CARE’s IT professional carries out regular IT security assessment for companies to reduce any IT vulnerabilities that might lead to a compromise of their valuable data. Vulnerability is a weakness which allows a cyber attacker to compromise a system’s information. In order for a system to be compromised, three crucial elements must interact – the system susceptibility or flaw, perpetrator’s access to the flaw, and perpetrator’s capability to exploit the flaw. To be able to secure the IT system properly, it is important to understand the various types of “attacks’ that can be made against it. These threats can be classified into the below categories:
A backdoor is a method of bypassing normal authentication so that the cyber attacker can access the IT system remotely.
The common distribute denial of service (DDoS) attacks uses a large number of compromised hosts, commonly referred to as ‘zombie computers’ to flood a target system with network requests. The result is the exhaustion of resources rendering the system unusable.
An unauthorized user can gain physical access to the computer and can install different types of devices to compromise the IT security.
Eavesdropping is the act of listening to a private conversation between hosts on a network. Programs such as Carnivore, Naruslnsight & TEMPEST are used to eavesdrop on systems.
Spoofing refers to the masquerade of one person or program as another by falsifying data.
Tampering is an intentional modification of products with the goal of making them harmful to the consumer.
Repudiation describes a situation whereby the authenticity of a signature is being challenged.

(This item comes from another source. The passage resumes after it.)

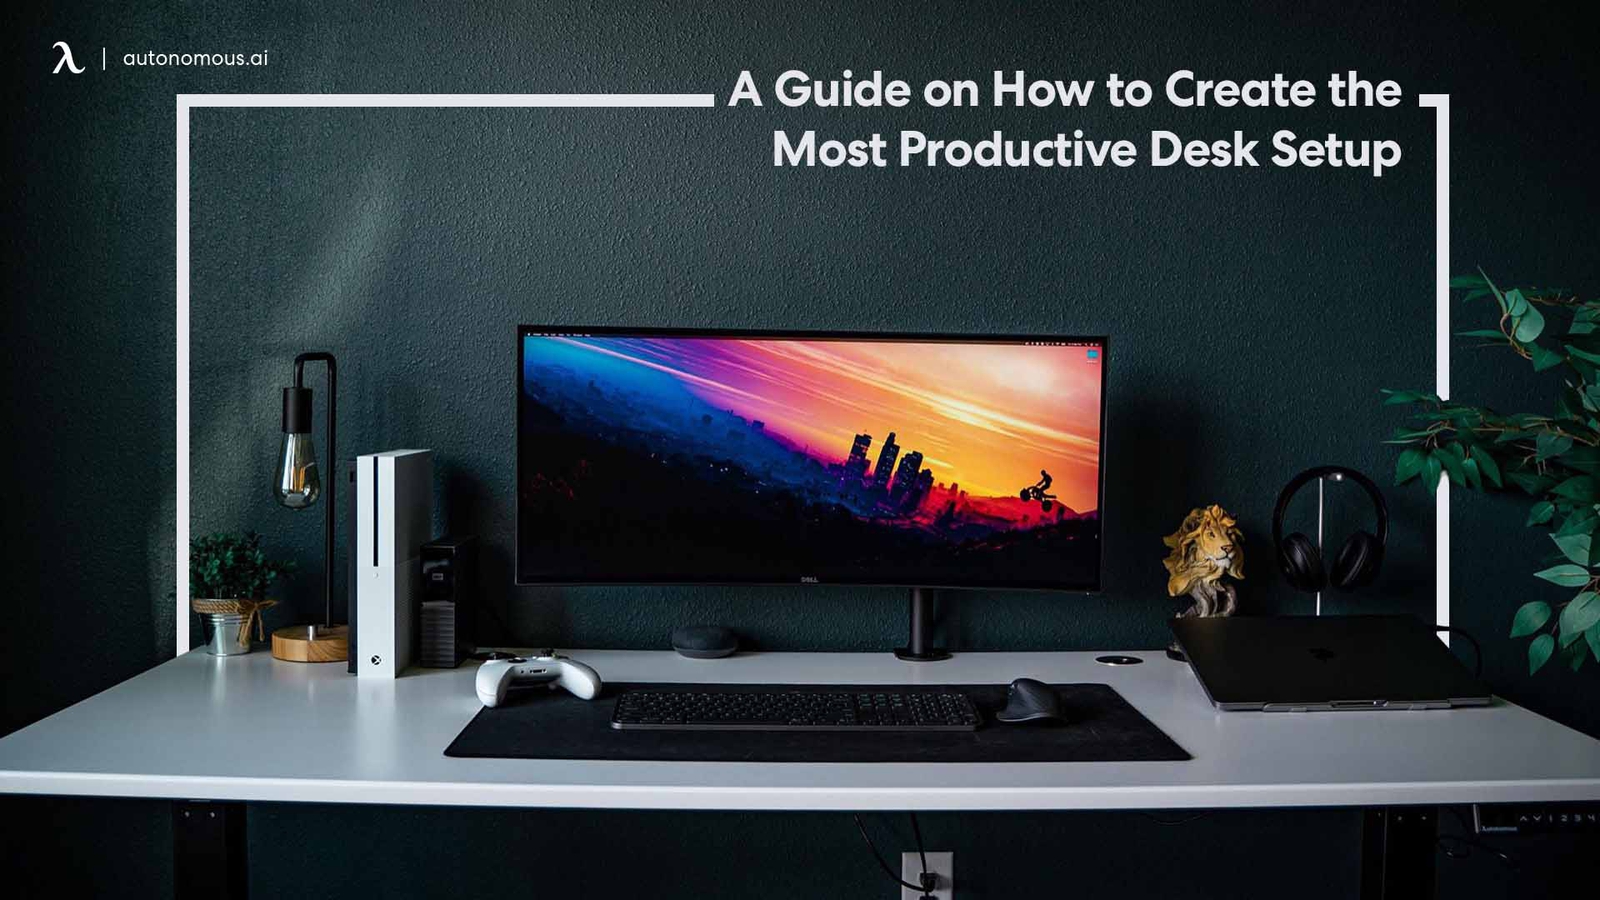 Best Desk Setup For Ivity With 8, How To Make A Good Desk Setup
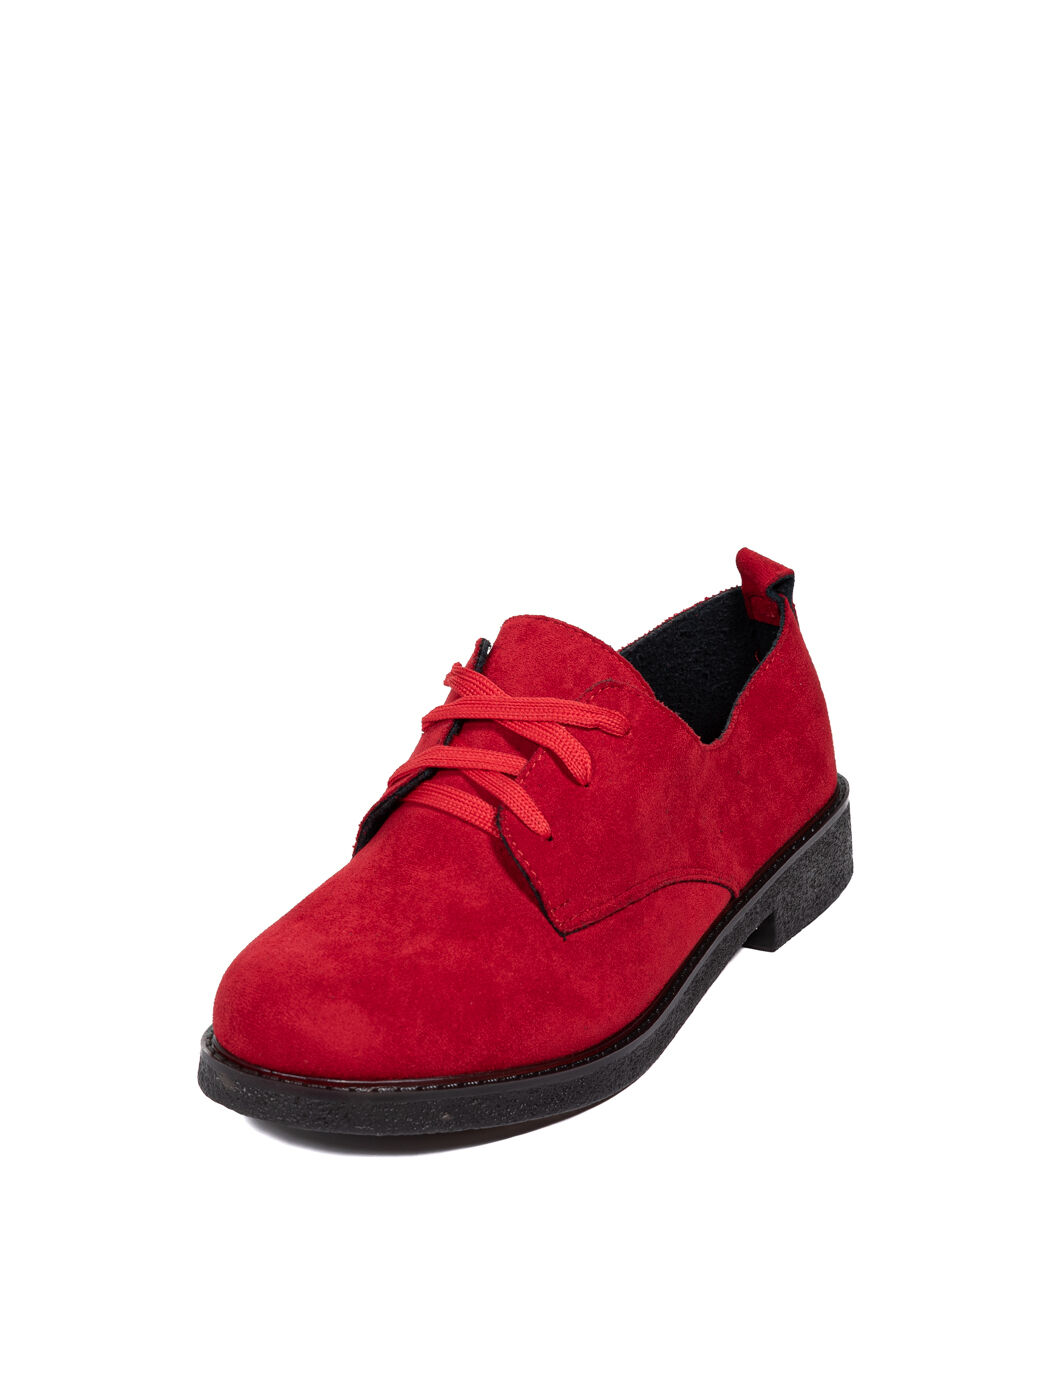 Туфли Oxfords женские красные экозамша каблук устойчивый демисезон 10M вид 0

Information disclosure refers to a situation where information, thought to be secure is released.
Privilege escalation is when a cyber attacker gains elevated privileges or access to resources that were previously restricted to them.
An exploit is a software tool designed to take advantage of a flaw in an IT system.
Social engineering refers to the deception method used take advantage of the carelessness of trusted individuals. For example, the cyber attacker can send emails by impersonating a bank, a contractor, or a customer to ask for details such as passwords, card numbers etc.
An indirect attack s when a cyber attacker uses a third-party computer to launch an attack, making it far more difficult to track down the attacker.